Puerto Rican author and journalist

Luisita López Torregrosa (born 1943) is a Puerto Rican journalist, book author, editor, freelance writer, and professor. She has reported from the Philippines, Indonesia, Malaysia, Japan, South Korea, Brazil, Cuba, and Puerto Rico. She has lived in Manila, Tokyo, and the United States.

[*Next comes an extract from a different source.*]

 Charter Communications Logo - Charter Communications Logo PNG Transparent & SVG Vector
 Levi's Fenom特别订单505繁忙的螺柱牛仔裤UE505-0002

She is the author of The Noise of Infinite Longing, published by Rayo/HarperCollins in 2004, and Before the Rain: A Memoir of Love and Revolution, which was published by Houghton Mifflin Harcourt in 2012 and nominated for best lesbian memoir at the 25th Lambda Literary Awards.

== Life ==
Luisita López Torregrosa is the daughter of Amaury López, who was a doctor, and of María Luisa Torregrosa, who was a beauty contest winner, lawyer, and founder of Farándula Bohemia, a touring theater company in Puerto Rico. She is one of six siblings and grew up in Puerto Rico and Mexico City. She went to boarding school at the age of fourteen at Linden Hall Academy, an all girls prep school outside Philadelphia, as she describes in her memoir The Noise of Infinite Longing.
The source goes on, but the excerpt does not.